Action item -
Quote the data below in full, minus the images.

Supplied information -
----

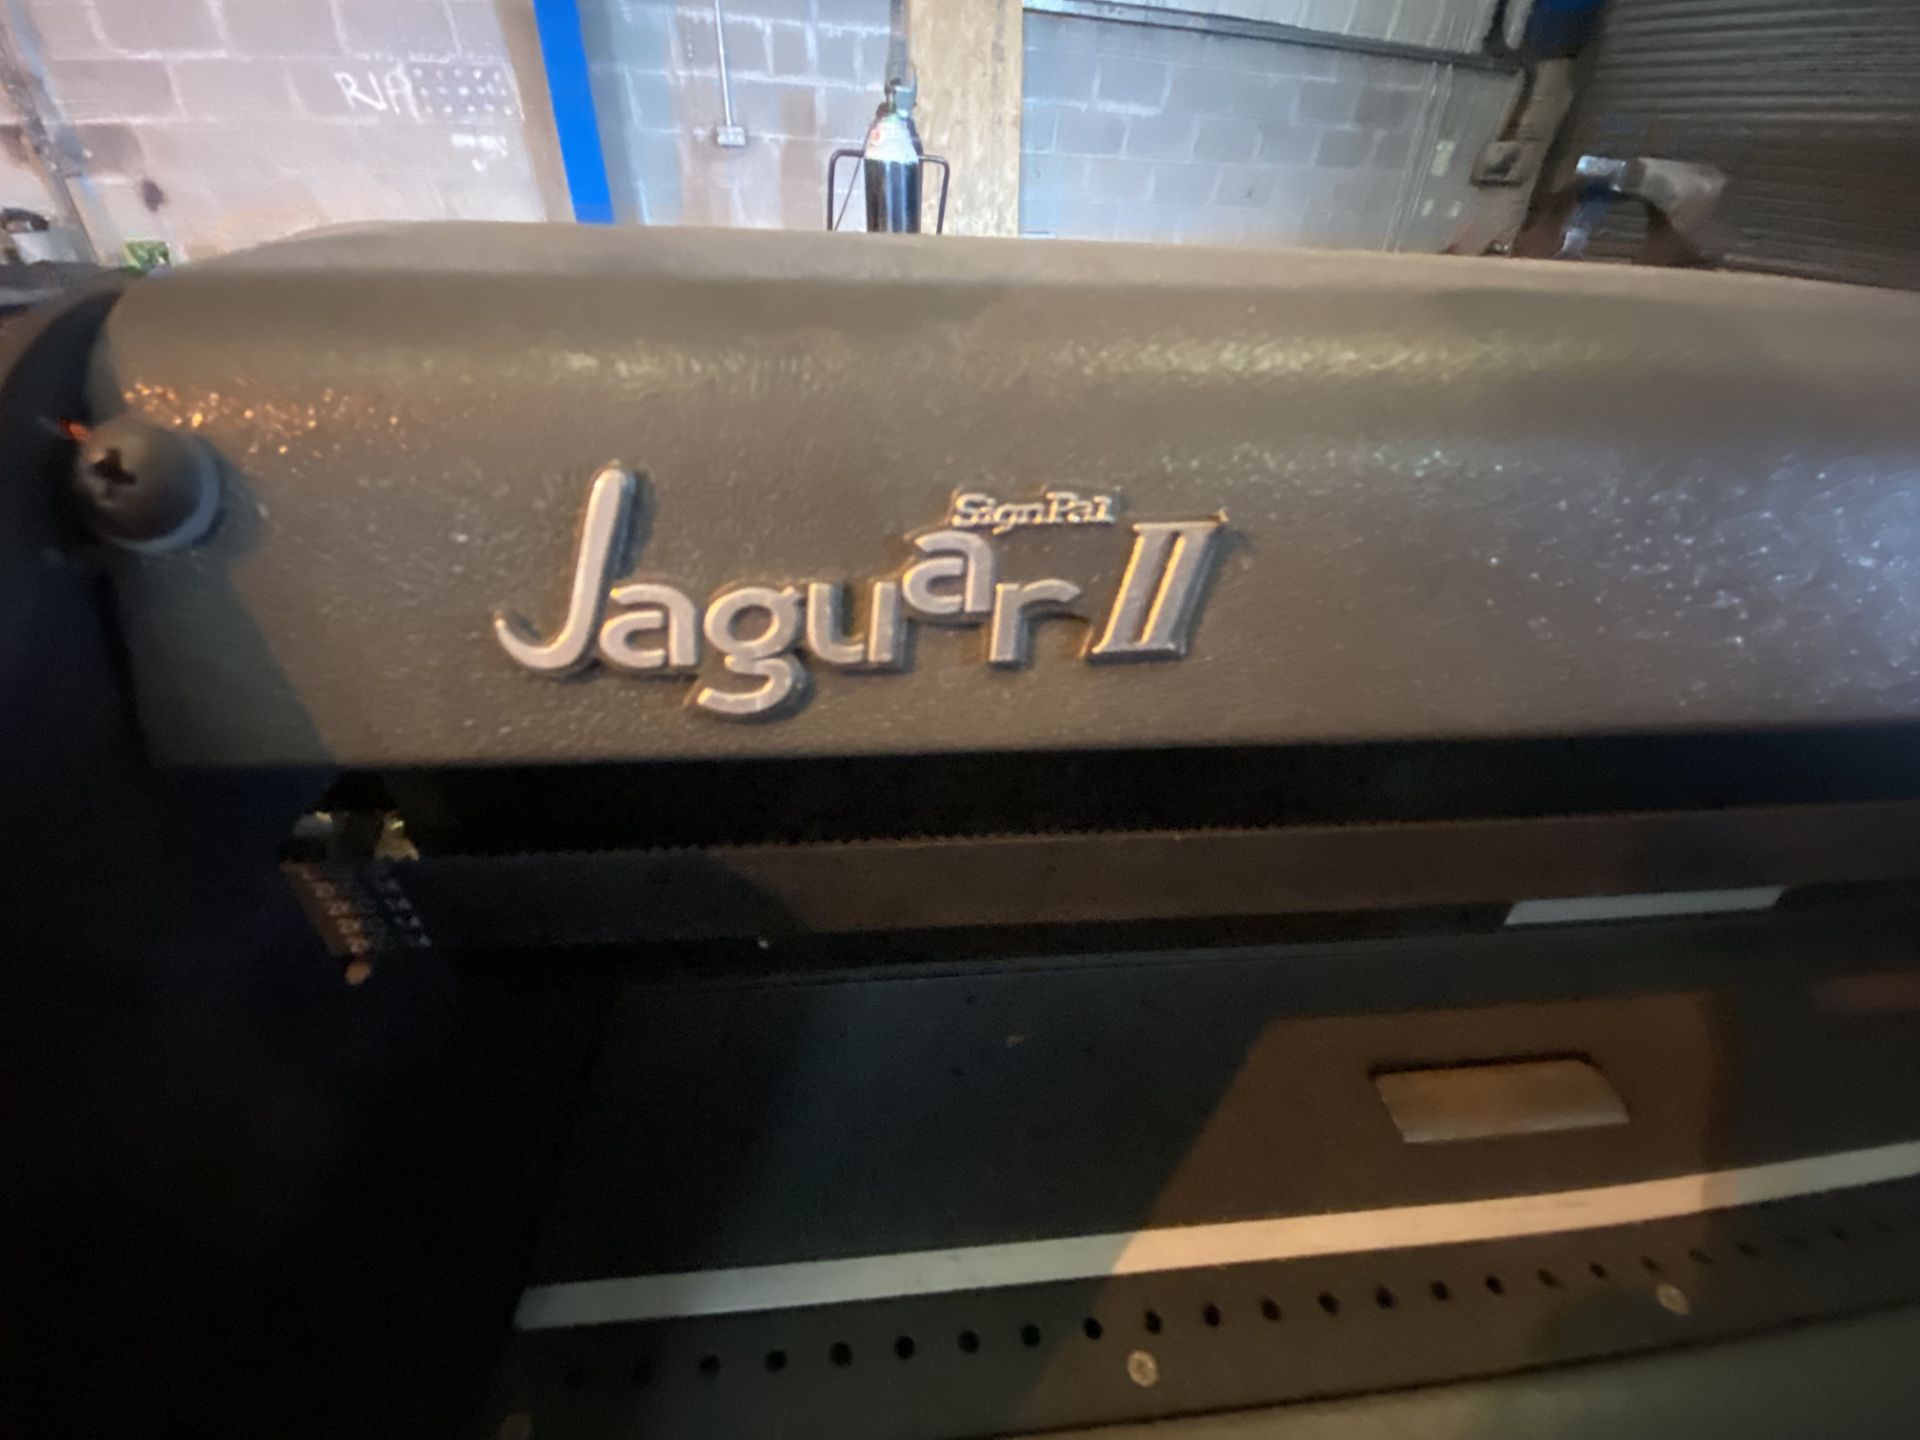 Signpal Jaguar 11 vinyl cutter - Image 2 of 5
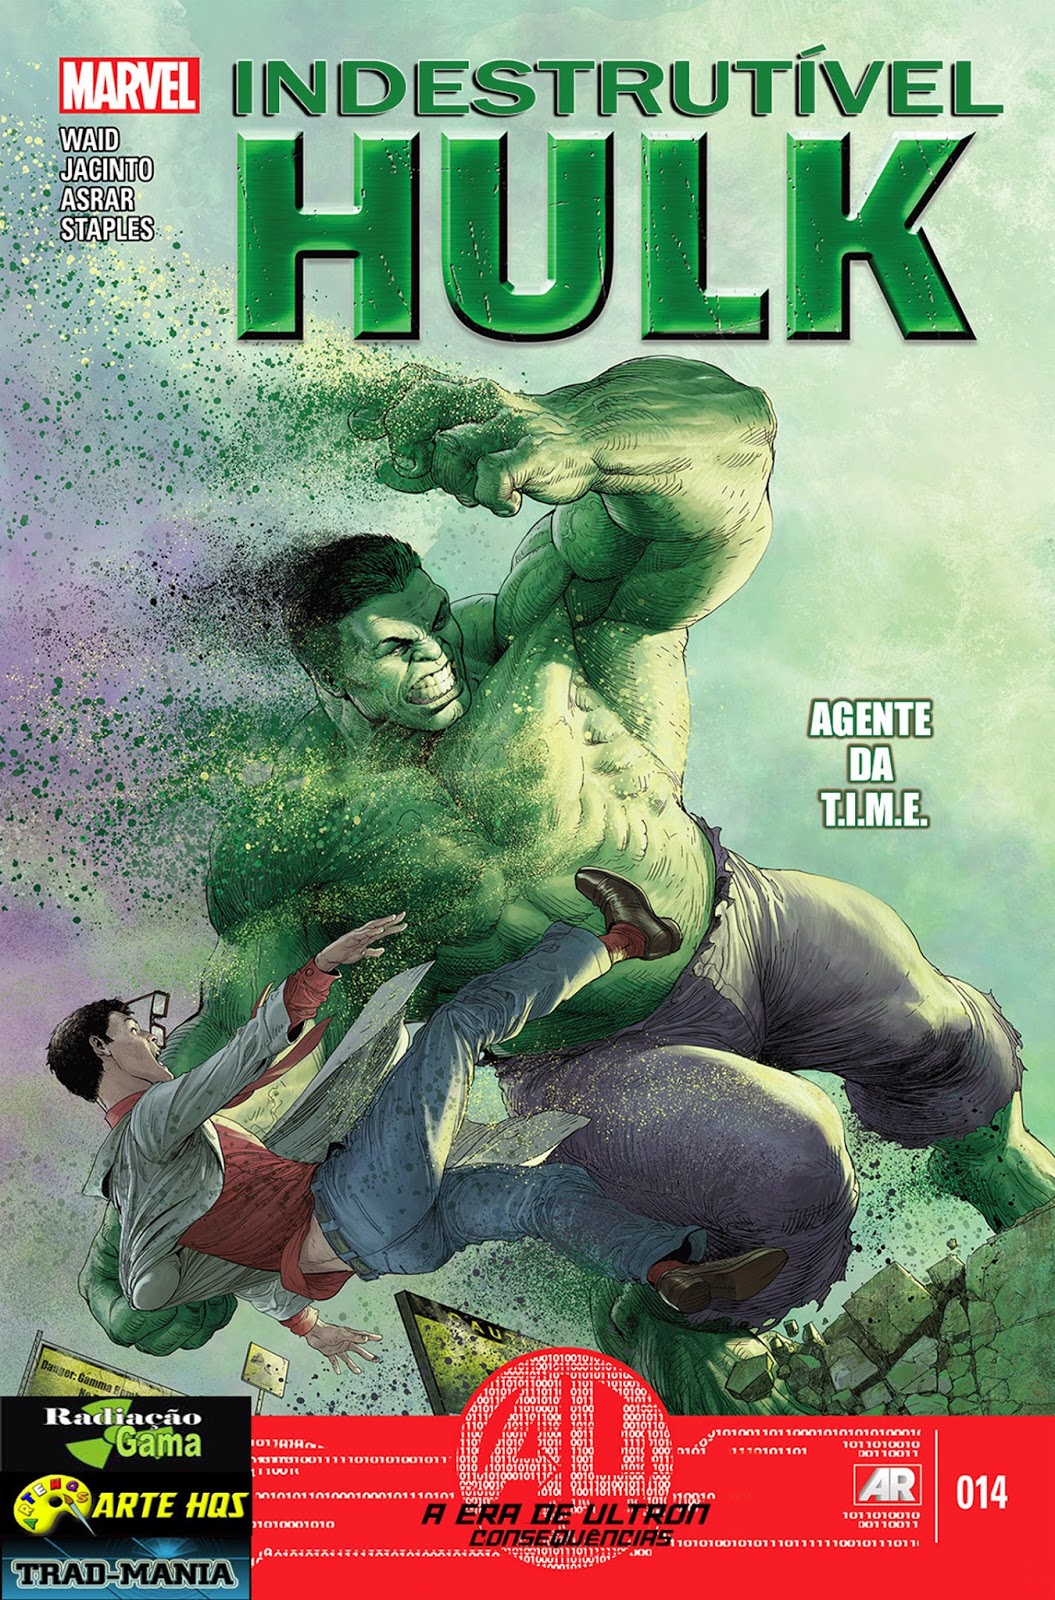 Nova Marvel! O Indestrutível Hulk - Agente do T.I.M.E #14
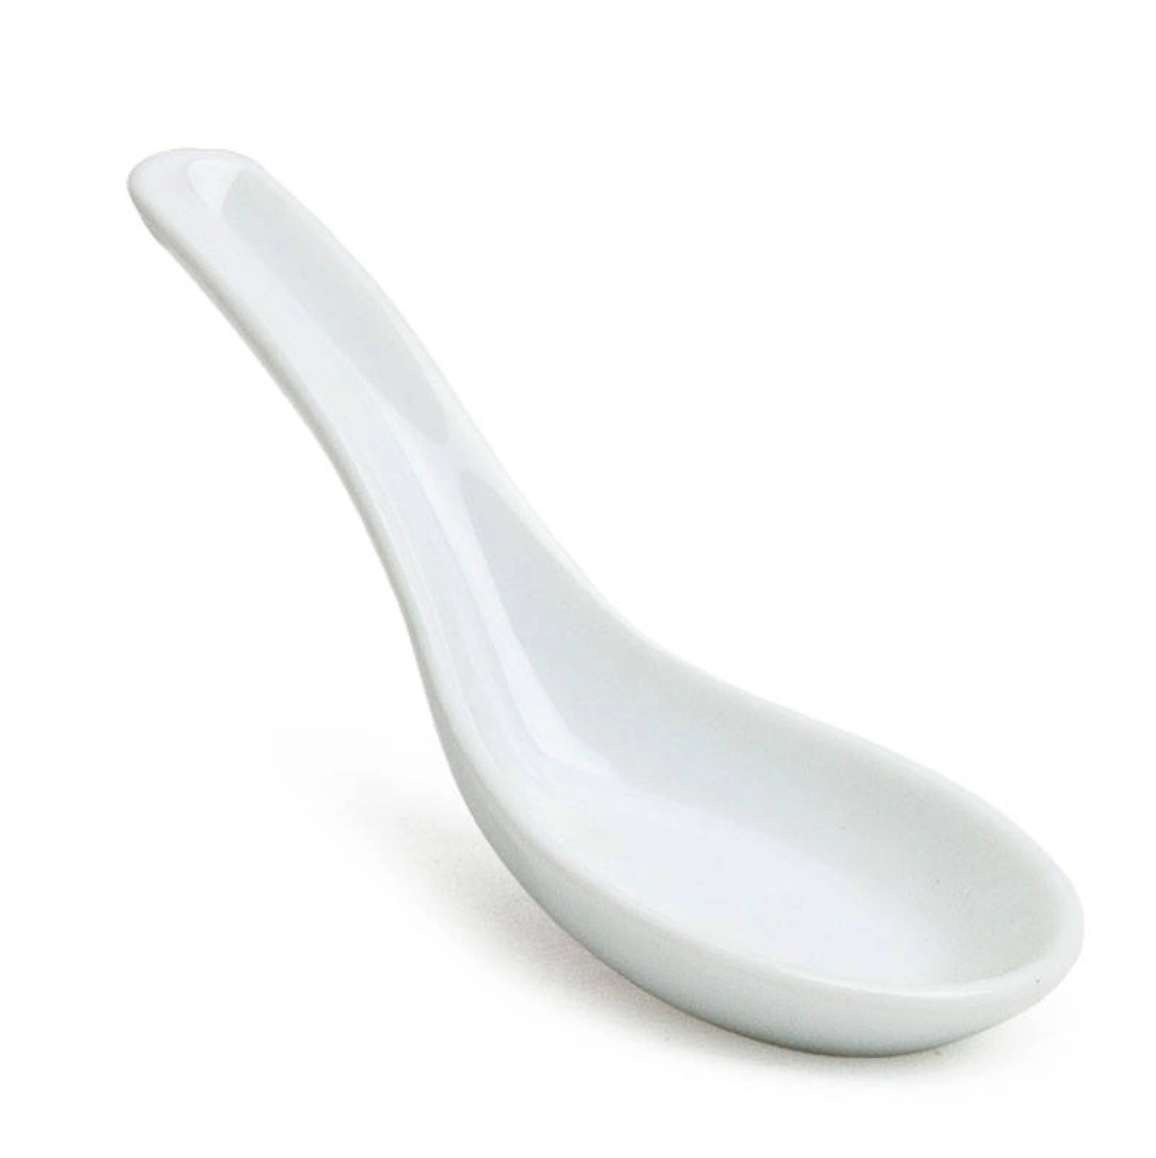 Porcelain Soup Spoon, White

----

Solution for this problem -
 Signpal Jaguar 11 vinyl cutter - Image 2 of 5
 Nova Marvel! O Indestrutível Hulk - Agente do T.I.M.E #14
 Porcelain Soup Spoon, White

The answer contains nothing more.